Legal Entity Identifier records seem to be a lot like other kinds of business databases, such as the National Provider Identifier or the D-U-N-S number. One difference, however, is that Legal Entity Identifiers are issued for traditional business organizations as well as government organizations (such as the City of Pasadena) as well as investment funds and trusts, such as mutual funds and pension funds.)

One aspect of that is that LEI records intersect poorly with other business listings. D-U-N-S records, for instance, cover more than 250 million business entities but do not list investment funds. This puts a cap on the percentage of LEI records that can be matched against D-U-N-S, so if you want to match a higher percentage of LEI records, you need to also match against a database of security identifiers such as CUSIP or BBGID. On the other hand, relatively few business organizations have an LEI at this time -- an analysis of more than 10,000 queries made against the legalentityidentifier.info site shows that many individuals try to look up their own organization and are often surprised to learn that (i) their business does not have an LEI, and (ii) that their business needs to register to get an LEI.
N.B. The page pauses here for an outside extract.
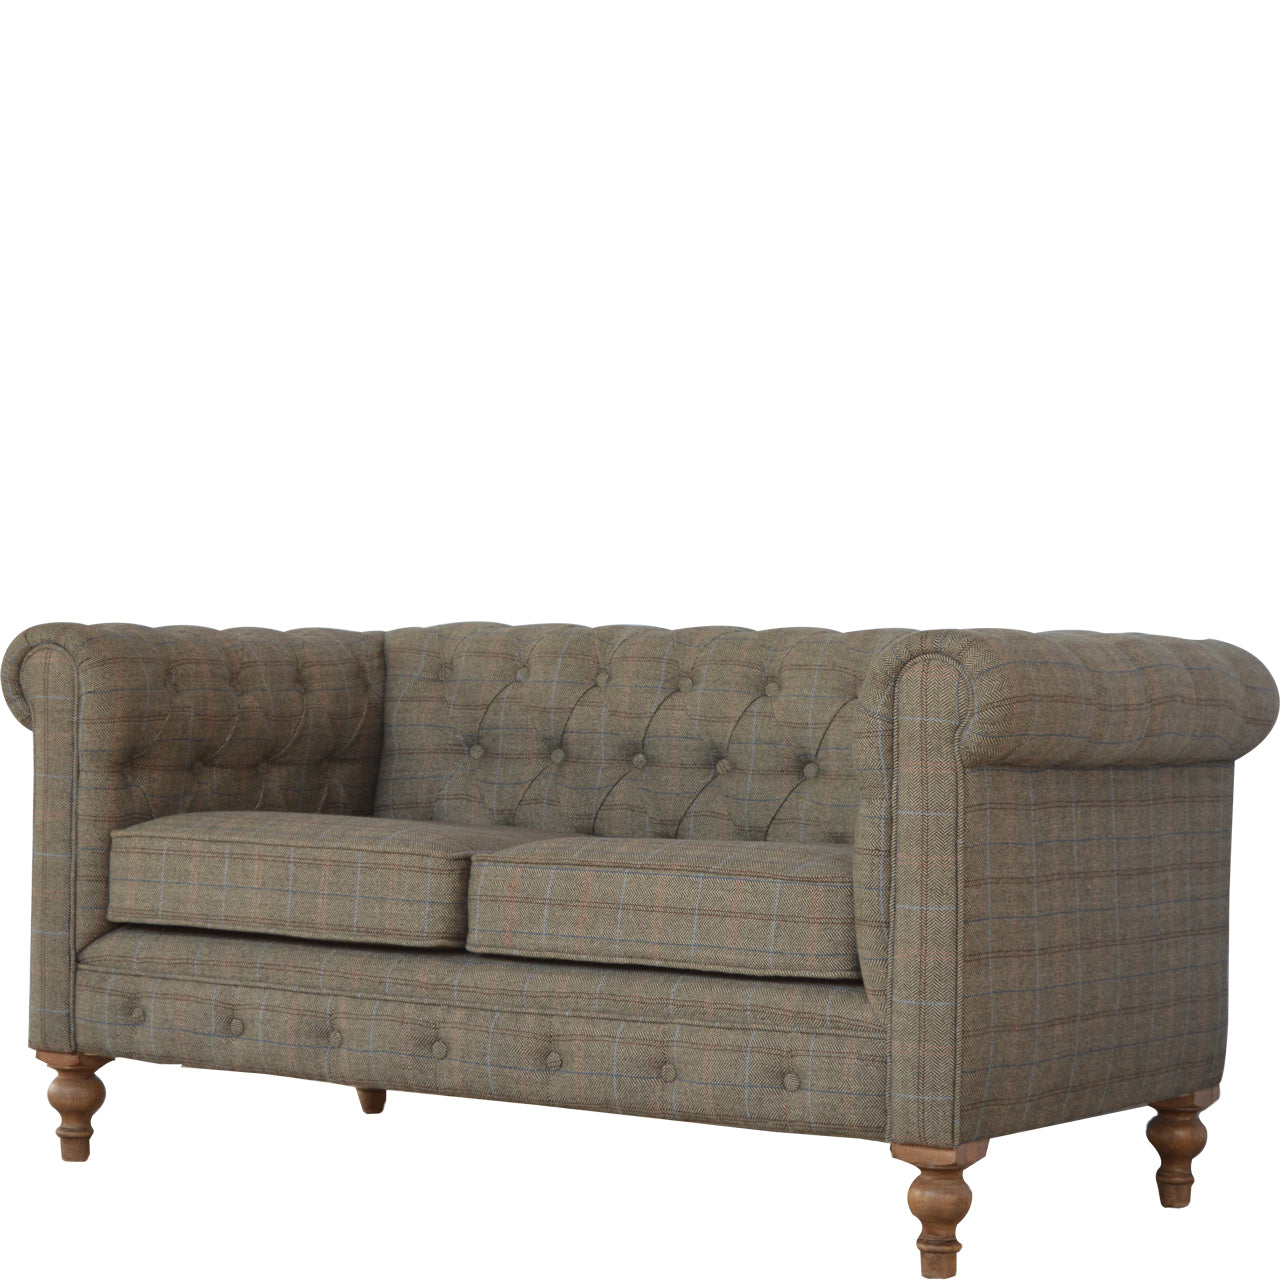 Multi Tweed 2 Seater Chesterfield Sofa

The Legalentityidentifier.info site and Real Semantics

henson: Realizing the Power of Cloud Computing

Real Semantics includes a module called henson, after the famous puppeteer, which is in charge of creating infrastructure in the cloud. Many older generation semantic frameworks, such as Information Workbench addressed the understanding of IT infrastructure as it exists. With henson, Real Semantics can not only understand IT infrastructure, but it can create IT infrastructure. Unlike other big data frameworks which require a large investment in cluster hardware, Real Semantics can run on any ordinary workstation or server and provision practically unlimited resources in the cloud. The following diagram explains the process by which the site is built:

Practically, henson performs two functions with respect to the LEI site:

Henson creates a machine image that contains the operating system as well as software that the LEI site depends on. This includes installing AWS client software, the Java Runtime Environment, and a number of minor software packages. When possible this is done by using the apt-get packaging system, but the system is also capable of downloading, compiling and installing open source and other software. This process is typically done once a week.
Because a new LEI file is released every day, we build a new LEI server every day. Henson launches a new cloud server based on the previously created machine image, and compiles a bash script that runs when the server starts up. This bash script updates the Real Semantics software on the LEI server, and starts a mogrifier job that combines data from a number of sources with a set of software components to create the new site. After the site passes automated integration tests, the new site takes the place of the original server and the old server is destroyed.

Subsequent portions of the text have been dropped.